Amazingly, despite all the scholarship of the last several decades that even a sciolist such as myself has easy access to, I still see things like this from time to time. From Francis Wheen’s How Mumbo-Jumbo Conquered the World:
Nietzsche was indeed Hitler’s favorite philosopher, but he was not a philosopher of Enlightenment: He belonged to the Romantic tradition, a reaction against demythologizing rationalism.

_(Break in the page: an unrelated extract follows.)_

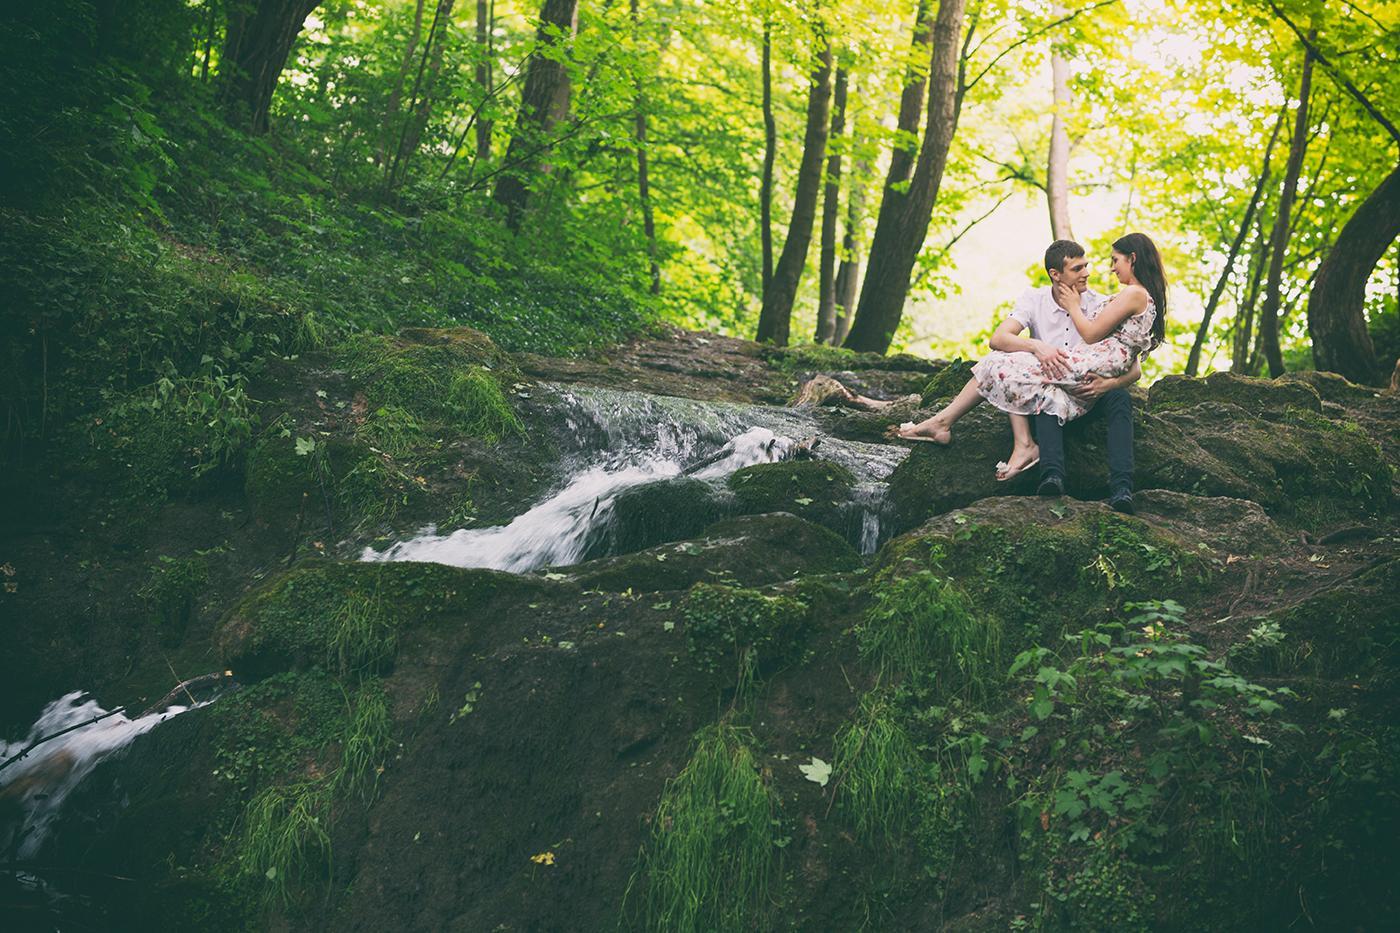 Sesja zdjęciowa odbyła się w Dolinie Racławki. Bardzo ciekawe miejsce na zdjęcia. Dużo pięknych drzew i pomosty nad Potokiem Racławki.

Hitler had almost as little fondness for Nietzsche as he had for Ludendorff’s and Rosenberg’s ersatz religions. As became evident at a strained visit to Nietzsche’s sister Elisabeth, Hitler was not at all an admirer of the philosopher. In a conversation he held with Hans Schemm and Otto Wagener during the Kampfzeit, Hitler derided paganists and “the rubbish they dredge up from German prehistory! Then they read Nietzsche with fifteen year-old boys.” Hitler’s mentor Dietrich Eckart had rejected Nietzsche as early as 1917: “We Germans, who profess through and through our faith in the Christian worldview, reject this despiser of our religious foundations.” Even Rosenberg, in his Mythus, barely mentioned Nietzsche, and he showed little engagement with Nietzsche’s philosophy when he did.
Just as Hitler had no time for Rosenberg’s plans to create a new, mystical religion to replace clerical Christianity, so he found Himmler’s dilettantish religious explorations absurd. As he told a circle of confidants, “What nonsense! Here we have at last reached an age that has left all mysticism behind, and now he wants to start that all over again….To think that I may one day be turned into an SS saint!”
Hitler was equally dismissive of Himmler’s forays into German prehistory: “Isn’t it enough that the Romans were erecting great buildings when our forefathers were still living in mud huts; now Himmler is starting to dig up these villages of mud huts and enthusing over every potsherd and stone axe he finds.”